Interpretive Summary:

Technical Abstract: Small Unmanned Aircraft Systems (sUAS) are recognized as potentially important remote-sensing platforms for precision agriculture. We set up a nitrogen rate experiment in 2013 with ‘Ranger Russet’ potatoes by applying four rates of nitrogen fertilizer (112, 224, 337, and 449 kg N/ha) in a randomized block design with 3 replicates.
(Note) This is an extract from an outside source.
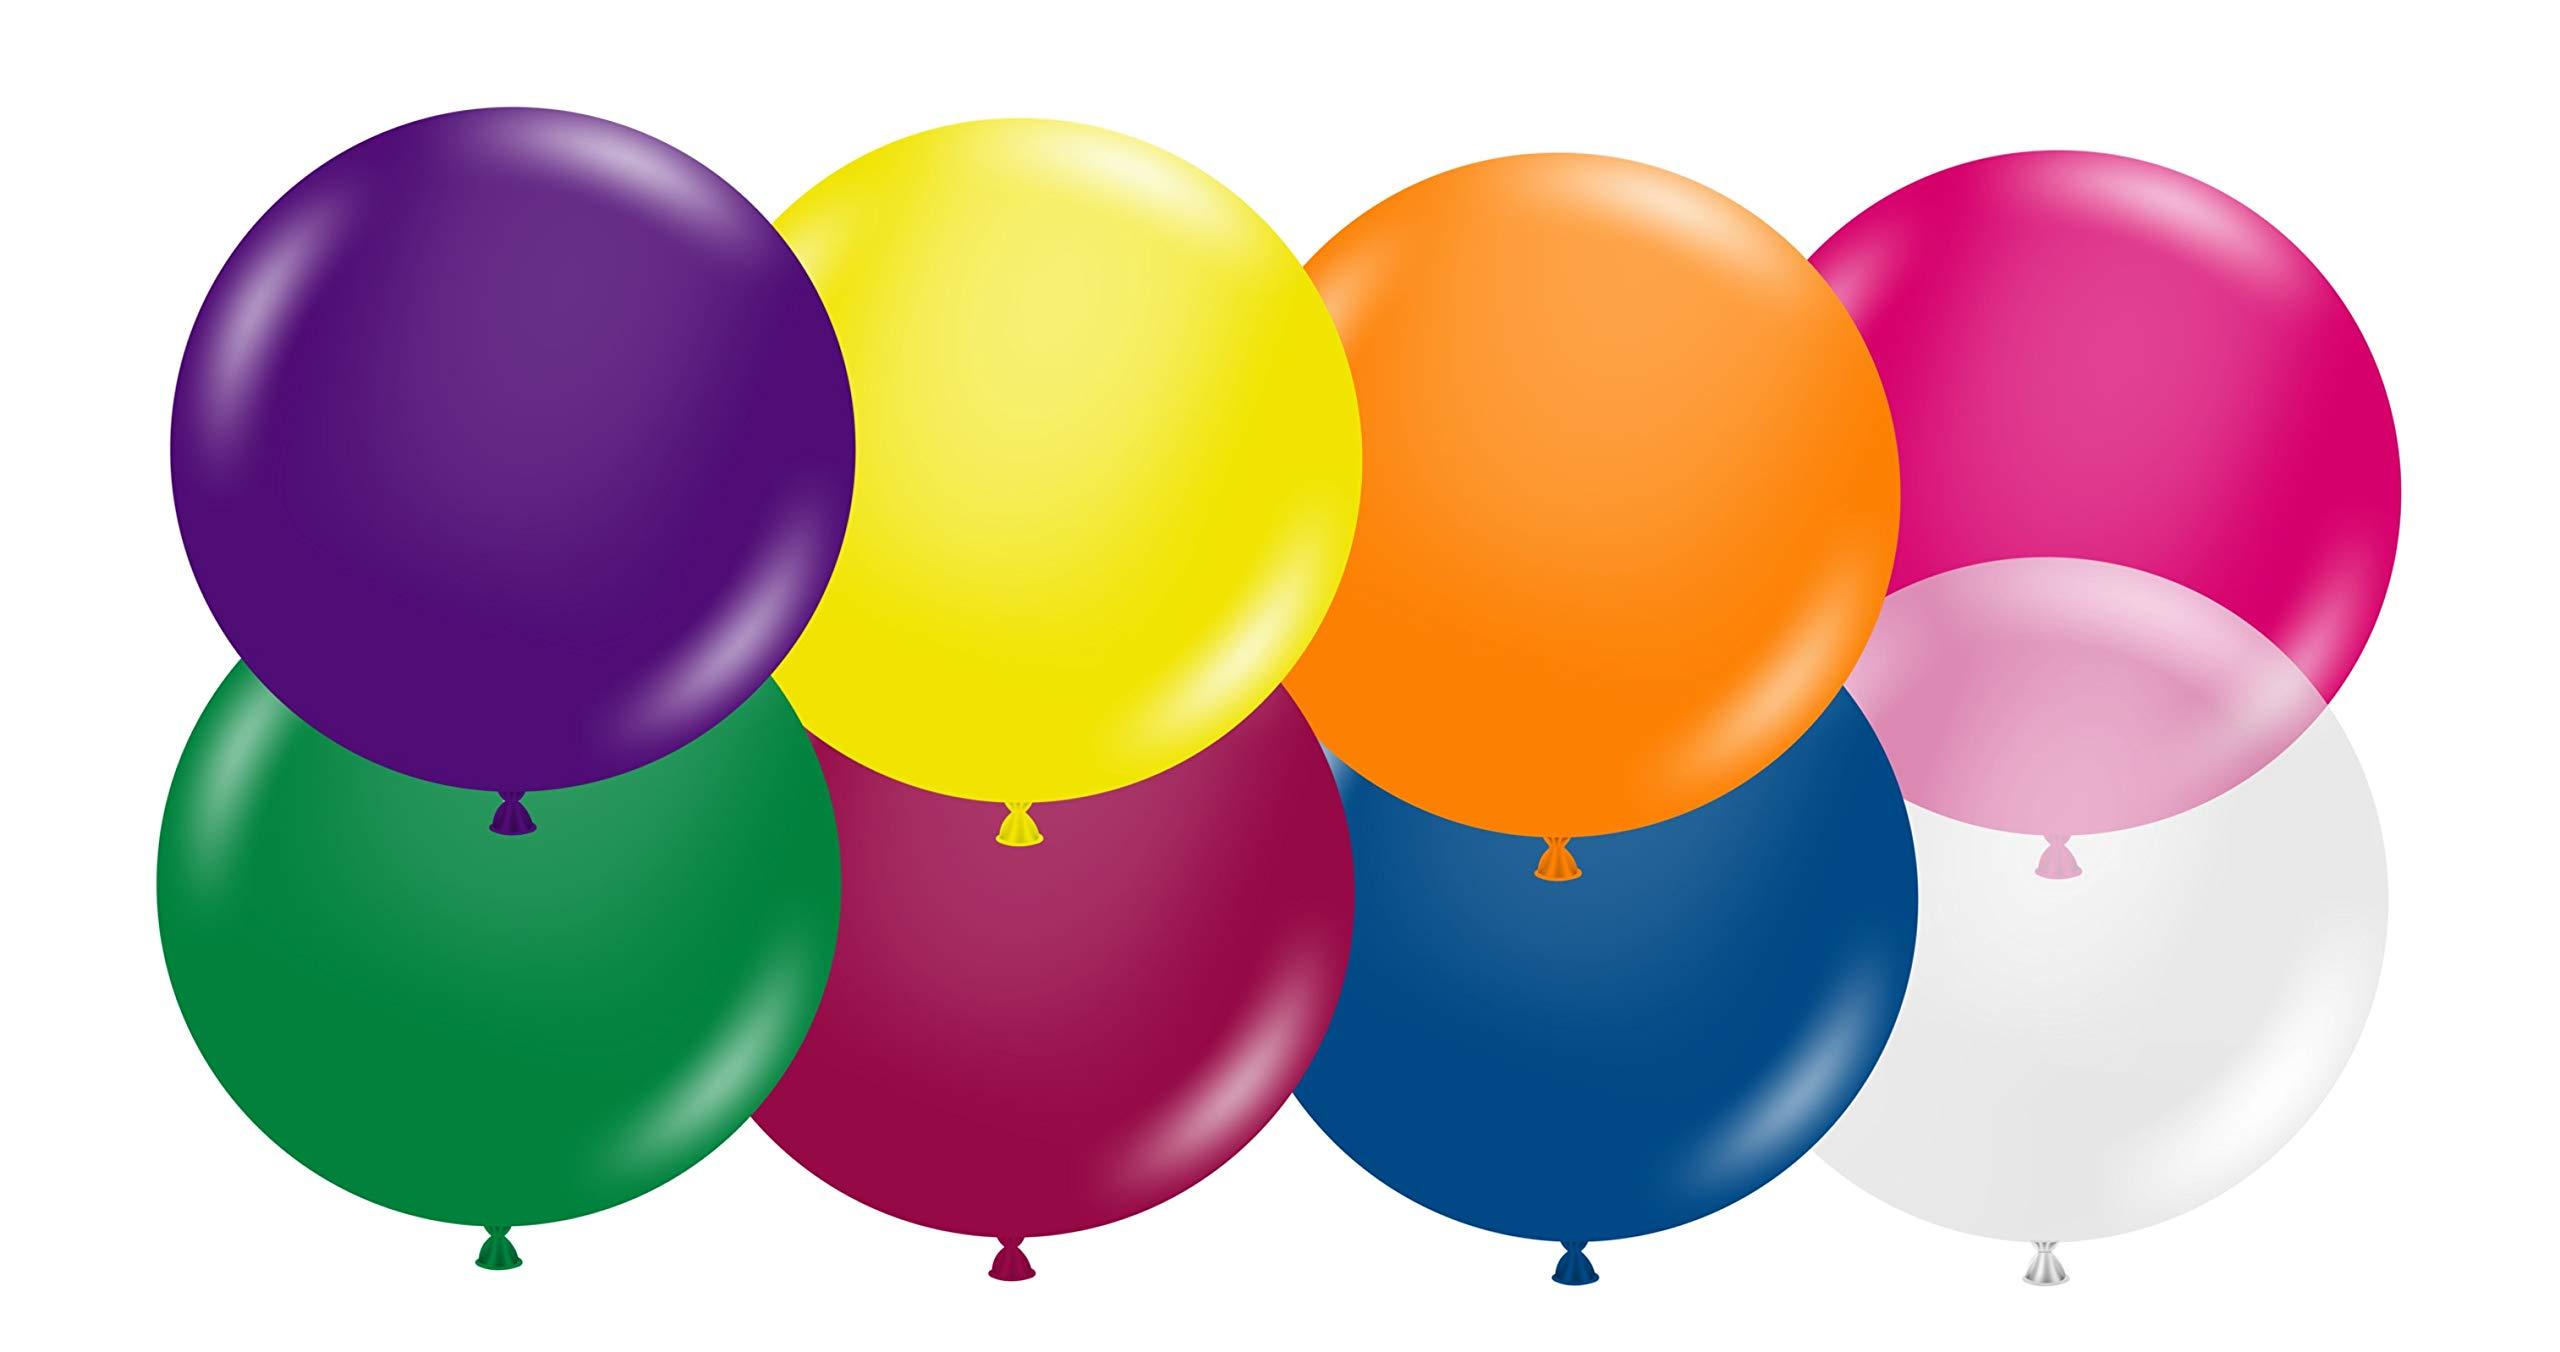 Tuftex 24 Inch Crystal Assortment Latex Balloons (Premium Helium Quality) Pkg of 10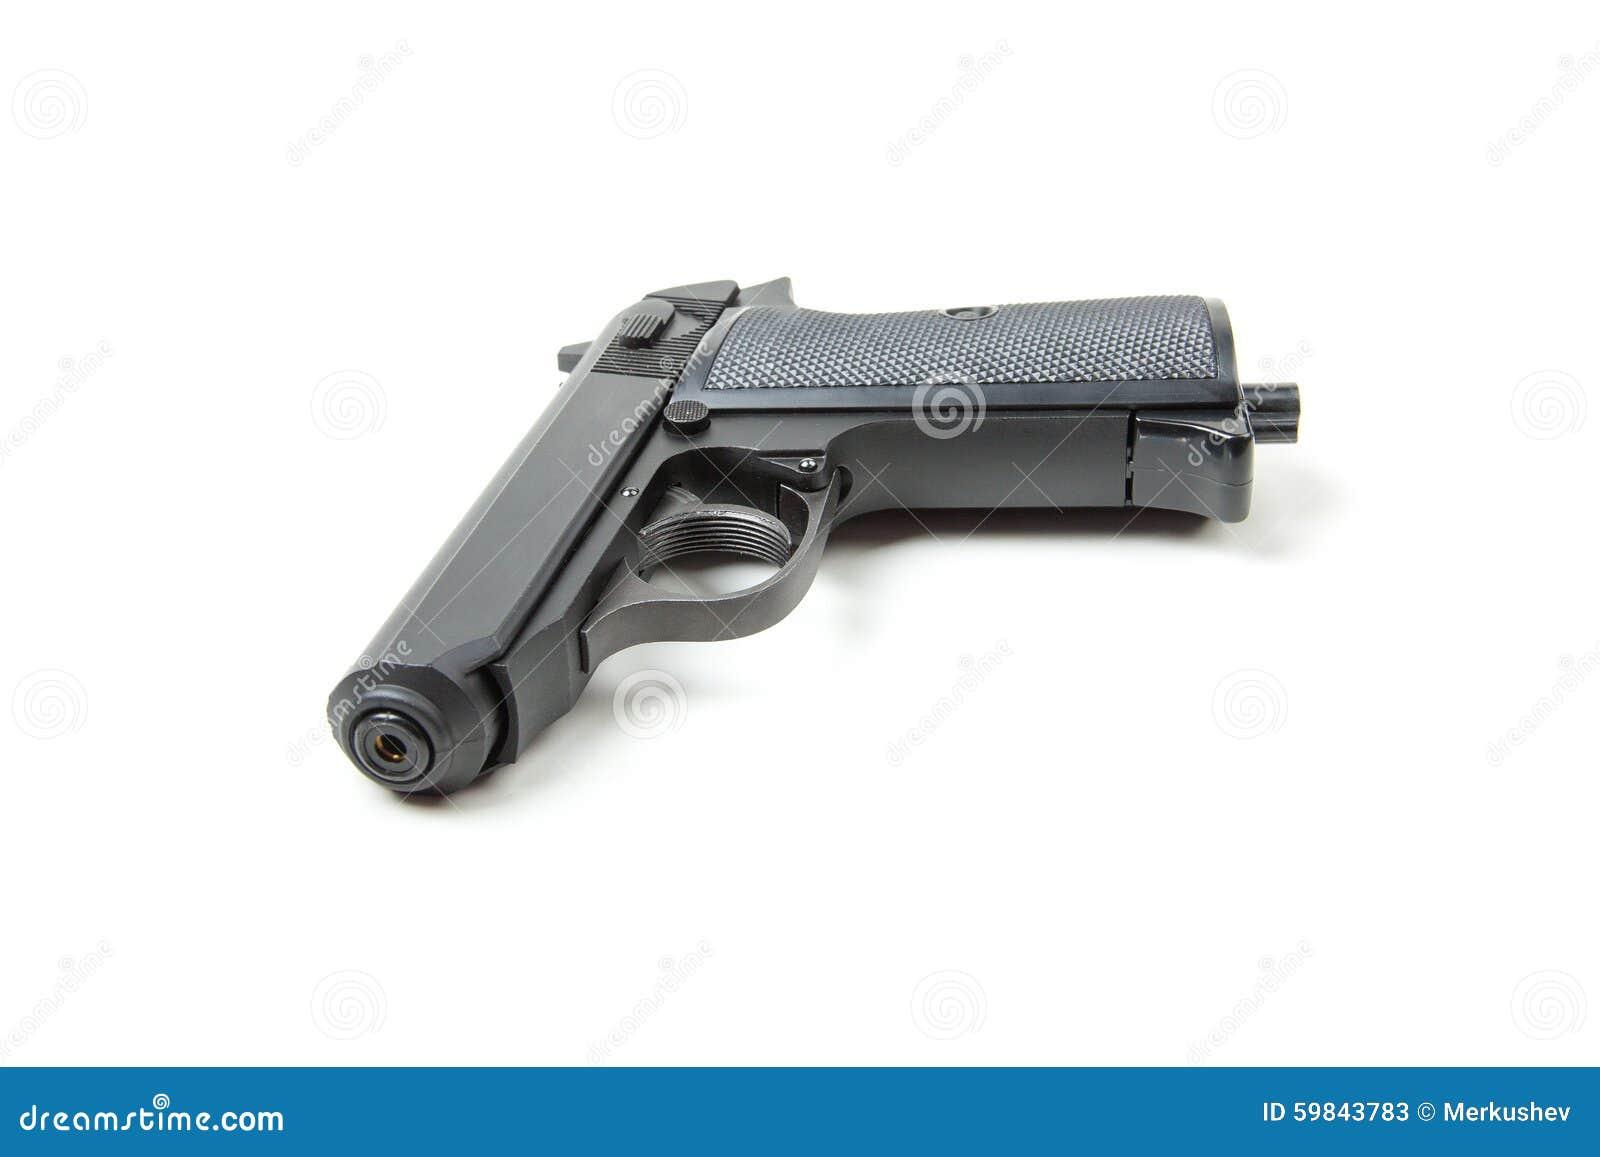 gun white background - photo #39

A Tetracam Hawkeye sUAS and Agricultural Digital Camera sensor were used to collect imagery with near-infrared (NIR), red and green bands with pixel sizes from 2.0 to 3.0 cm. Petiole nitrate concentration, leaf chlorophyll content, and leaf area index (LAI), were measured twice during the growing season; plants in the two lower N application treatments had lower petiole nitrate, chlorophyll content, LAI, and vegetation cover as expected. Three spectral indices were calculated from the color-infrared imagery (NDVI, GNDVI, and NGRDI); in late June, NDVI and GNDVI were correlated to LAI and cover, but not leaf chlorophyll content. In early August, the spectral indices were also correlated to chlorophyll content. Differences in vegetation cover may be detectable earliest, simply by counting the number of pixels with high NDVI in a small area. These results suggest sUAS sensors with higher spatial resolution would be more useful for site specific nitrogen management.